Há, contudo, divergências entre especialistas sobre a aplicação imediata dessas regras à convenção do PL.
Uma corrente considera que a peça teve finalidade eleitoral evidente, porque apresentou Flávio como candidato à Presidência e utilizou a imagem de uma liderança política para pedir apoio à candidatura. Nessa interpretação, o conteúdo poderia ser enquadrado como propaganda antecipada feita por meio proibido.
Outra corrente sustenta que a exibição ocorreu em uma convenção partidária, antes do início oficial da propaganda eleitoral, e que o aviso sobre o uso de inteligência artificial afastaria a tentativa de enganar o público. A definição caberá à Justiça Eleitoral nos processos apresentados contra o material.

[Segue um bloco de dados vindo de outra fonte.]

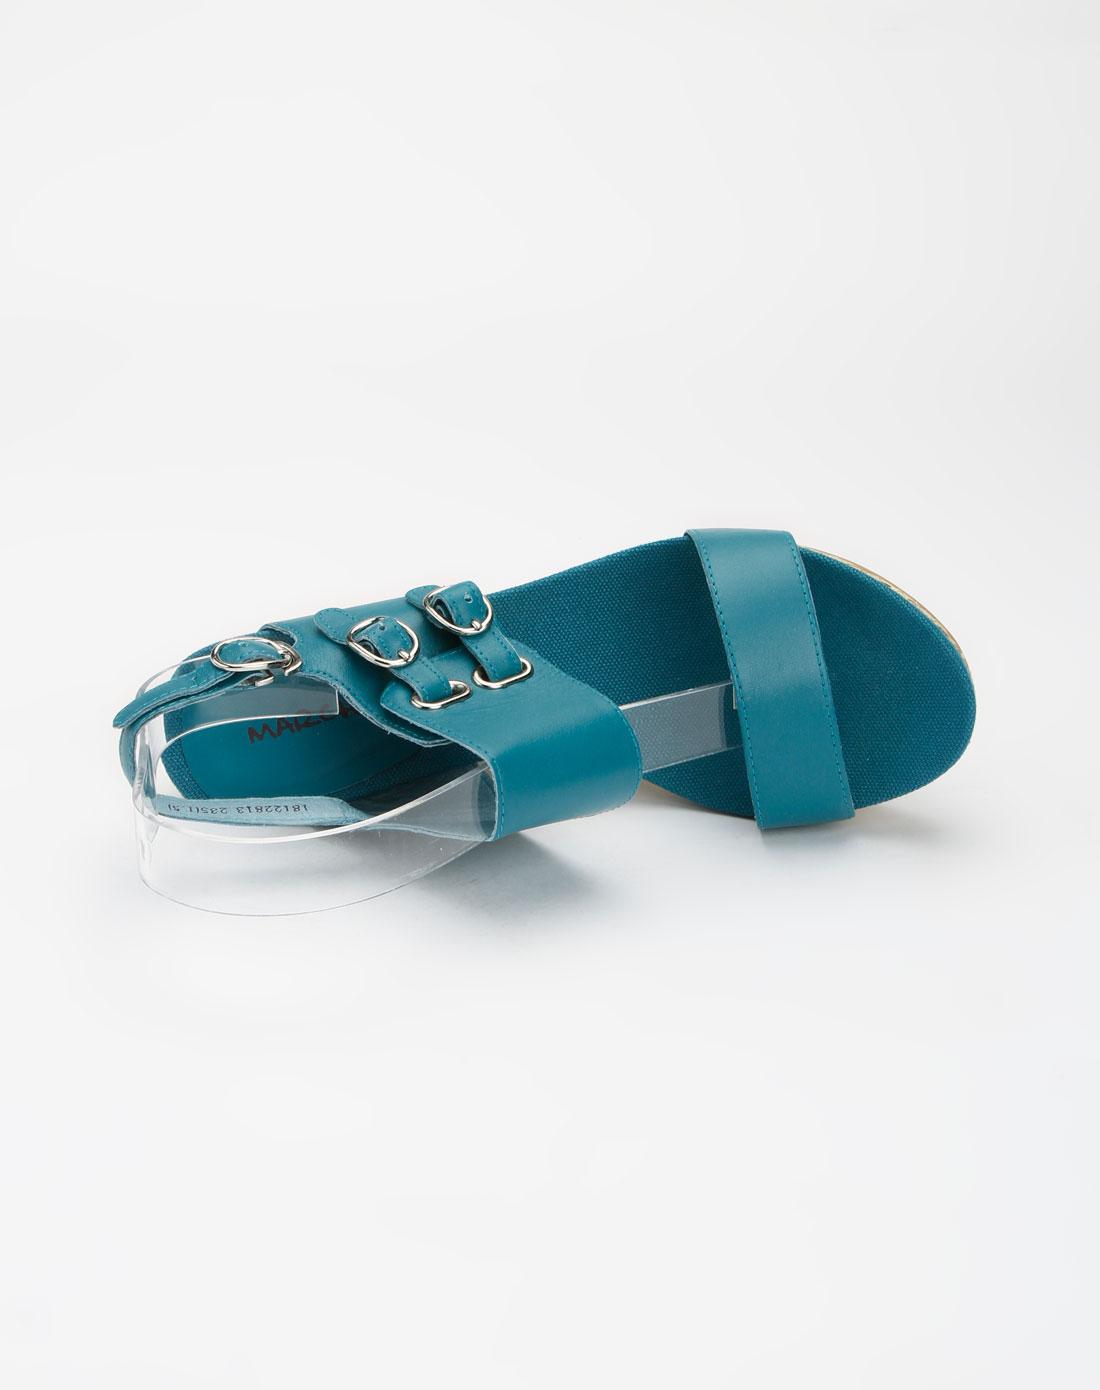 蜜丝罗妮marchiori蓝色时尚坡跟凉鞋18122813-0007

Caso pode testar limites da inteligência artificial nas eleições
O episódio inaugura uma discussão que poderá se repetir ao longo da campanha de 2026: até onde candidatos e partidos podem utilizar réplicas digitais de lideranças políticas, apoiadores ou pessoas impedidas de participar diretamente do processo eleitoral.
O vídeo não tentou convencer o público de que se tratava de uma gravação autêntica. A própria representação digital revelou que havia sido criada por inteligência artificial. Mesmo assim, a peça reproduziu de forma realista a aparência, a voz e o estilo de comunicação de Bolsonaro para transmitir uma mensagem eleitoral que ele estava judicialmente proibido de divulgar.
A controvérsia, portanto, não se limita à possibilidade de enganar o eleitor sobre a autenticidade técnica de uma imagem.
O caso também envolve o uso da tecnologia como substituta de uma pessoa submetida a restrições judiciais. Na prática, a inteligência artificial permitiu que Bolsonaro aparecesse simbolicamente no evento, discursasse, indicasse um sucessor e pedisse apoio político sem realizar pessoalmente nenhum desses atos.
A discussão poderá estabelecer precedentes sobre avatares eleitorais, réplicas digitais, autorização de uso da imagem e responsabilidade de partidos pela produção de conteúdo sintético.
Também deverá esclarecer se a informação de que uma peça foi produzida por inteligência artificial é suficiente para torná-la legítima ou se a finalidade política e a forma de utilização permanecem determinantes para a análise da Justiça.
Decisão não determina retorno imediato à prisão
O prazo concedido por Moraes não representa uma decisão imediata de revogar a prisão domiciliar de Bolsonaro.
O ministro solicitou esclarecimentos antes de avaliar se houve participação do ex-presidente, descumprimento das restrições ou conduta atribuível exclusivamente ao partido e aos responsáveis pela campanha.
Depois da resposta da defesa, o processo poderá ser encaminhado à Procuradoria-Geral da República para manifestação. Moraes poderá ainda determinar novas diligências, solicitar informações ao PL ou enviar documentos à Justiça Eleitoral.
Uma eventual transferência ao regime fechado dependerá da conclusão de que Bolsonaro participou ou concordou com o vídeo e de que essa atuação representou uma violação suficientemente grave das condições da prisão domiciliar.
Até essa análise, permanecem em vigor as restrições atuais, incluindo a proibição de manifestações político-eleitorais e de divulgação de mensagens por intermédio de terceiros.
O episódio amplia a pressão judicial sobre a campanha de Flávio Bolsonaro poucos dias após sua oficialização como candidato. Ao mesmo tempo, transforma a convenção partidária em um dos primeiros grandes testes das regras brasileiras para inteligência artificial nas eleições de 2026.
Fontes:
- Processo de execução penal no STF — decisões anteriores estabeleceram a proibição de manifestações político-eleitorais, inclusive por terceiros, e advertiram sobre a possibilidade de revisão da prisão domiciliar.
- Tribunal Superior Eleitoral — Resolução nº 23.610, com as regras sobre conteúdo sintético, inteligência artificial e deepfakes na propaganda eleitoral.
- Tribunal Superior Eleitoral — Resolução nº 23.755, que atualizou as normas para utilização de conteúdo produzido ou alterado por inteligência artificial nas eleições de 2026.